**Stored data**

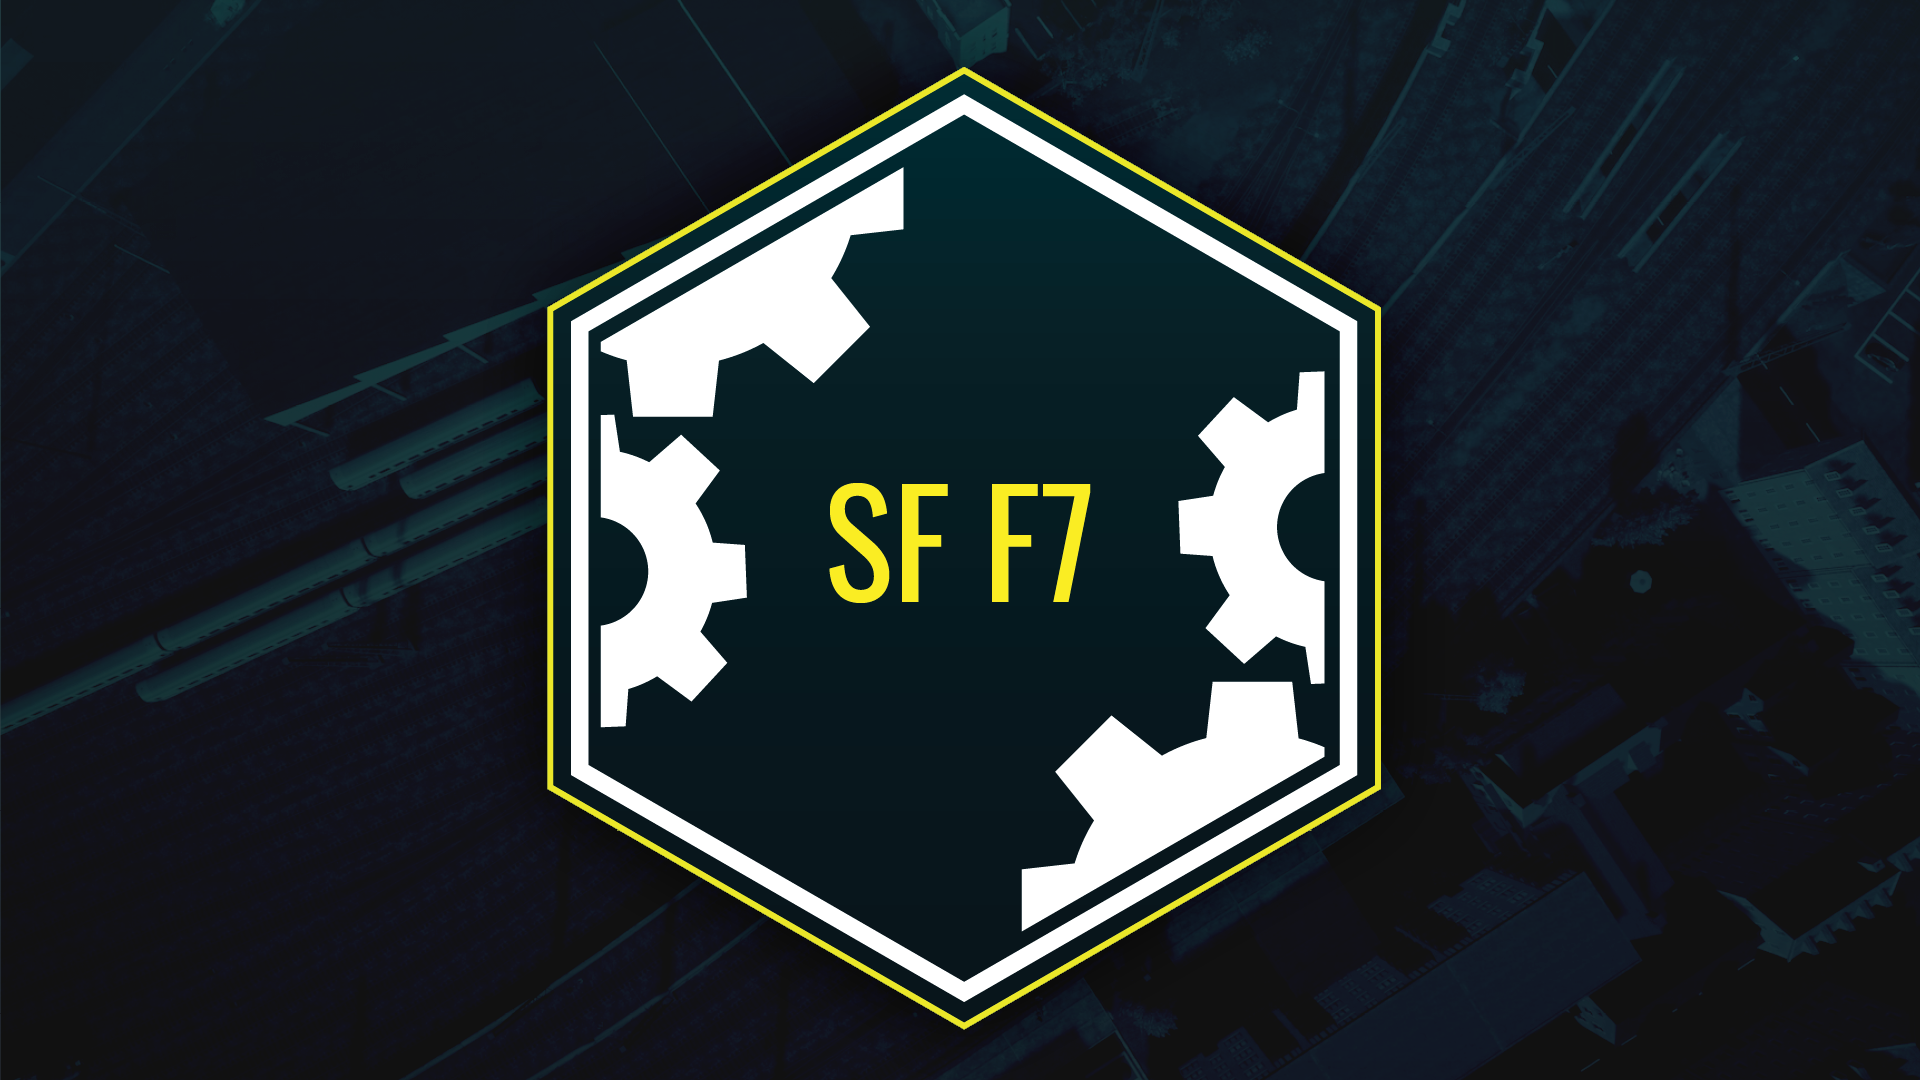 SF F7: Smart Deco
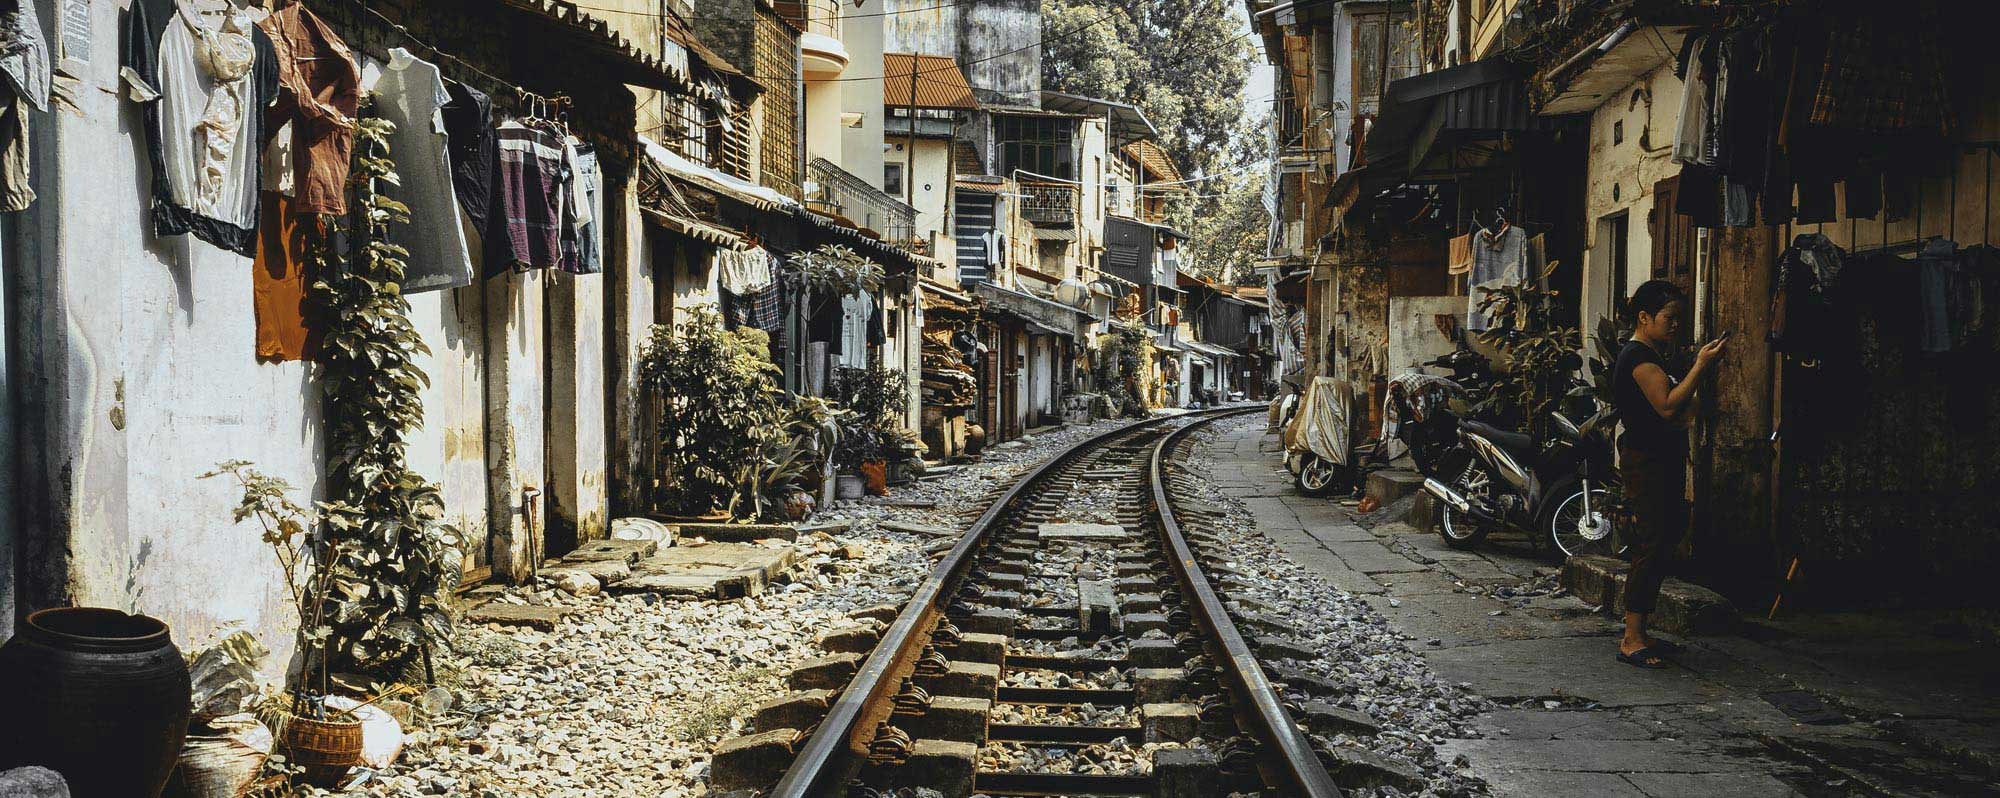 Trainstreet Hanoi Vietnam wereldreis
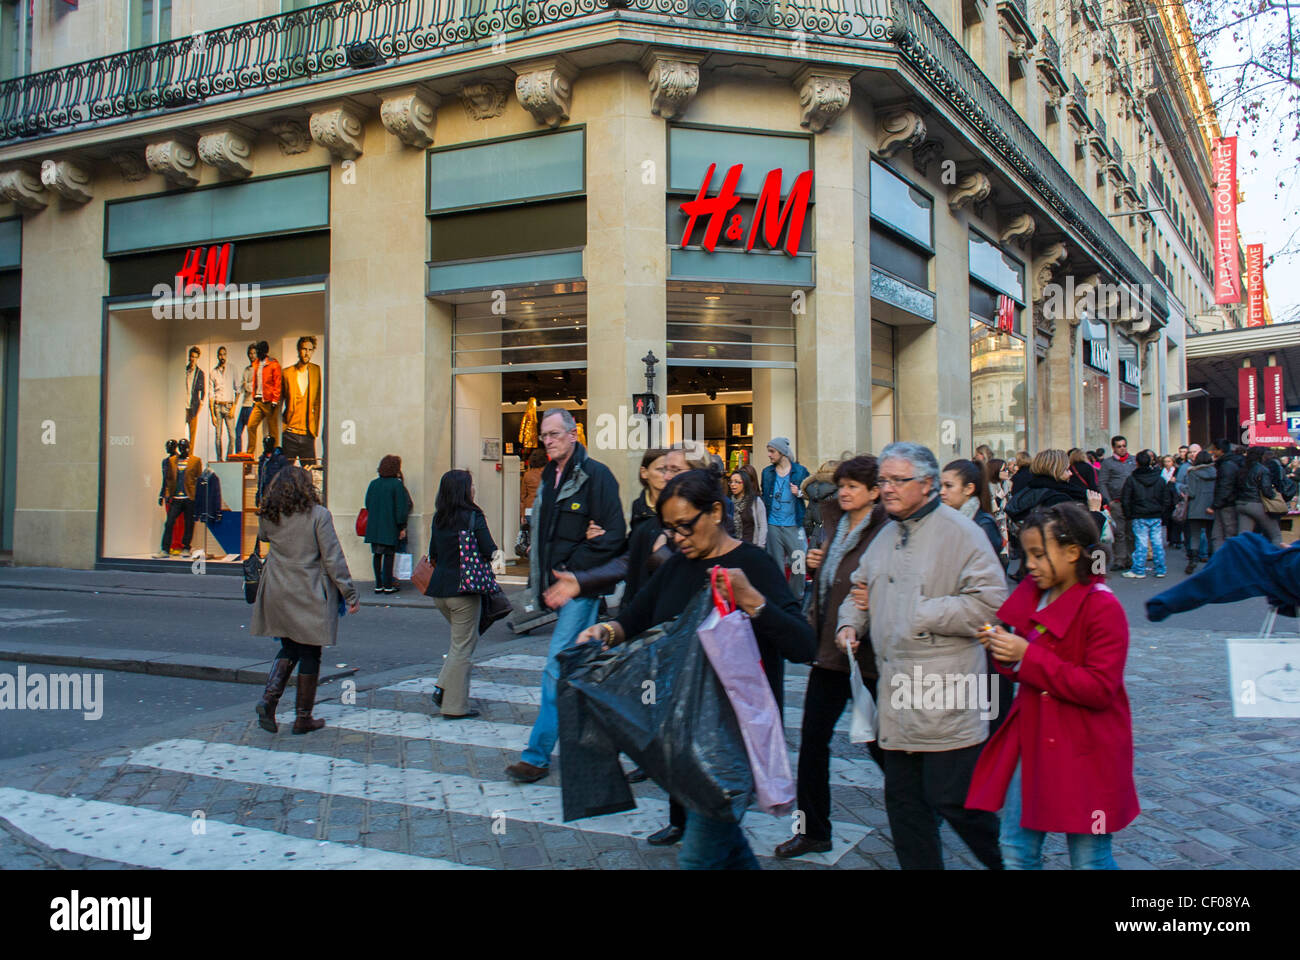 Formación María Energizar París, Francia, paseo público, compras de personas en H & M, tienda de ropa  y accesorios, en la calle, Haussmann Boulevard, tiendas de moda rápida,  centro de parís Fotografía de stock -
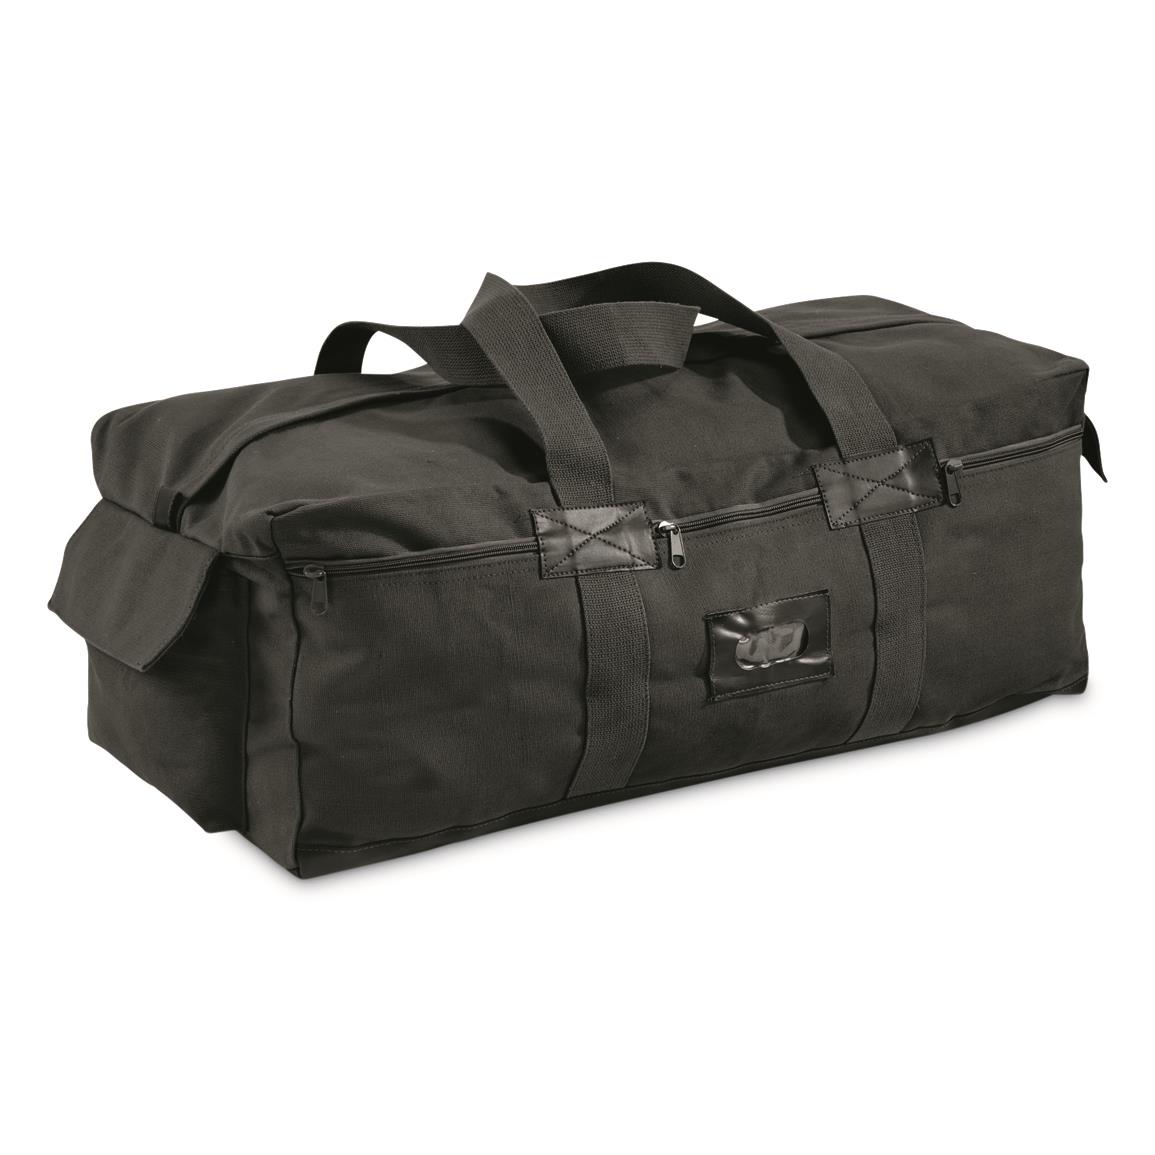 Brooklyn Armed Forces IDF Style Duffel Bag, Black

**Required work**
Leave out the pictures and copy the rest of the material above exactly.

**Result below**
 SF F7: Smart Deco
 Trainstreet Hanoi Vietnam wereldreis
 Formación María Energizar París, Francia, paseo público, compras de personas en H & M, tienda de ropa  y accesorios, en la calle, Haussmann Boulevard, tiendas de moda rápida,  centro de parís Fotografía de stock -
 Brooklyn Armed Forces IDF Style Duffel Bag, Black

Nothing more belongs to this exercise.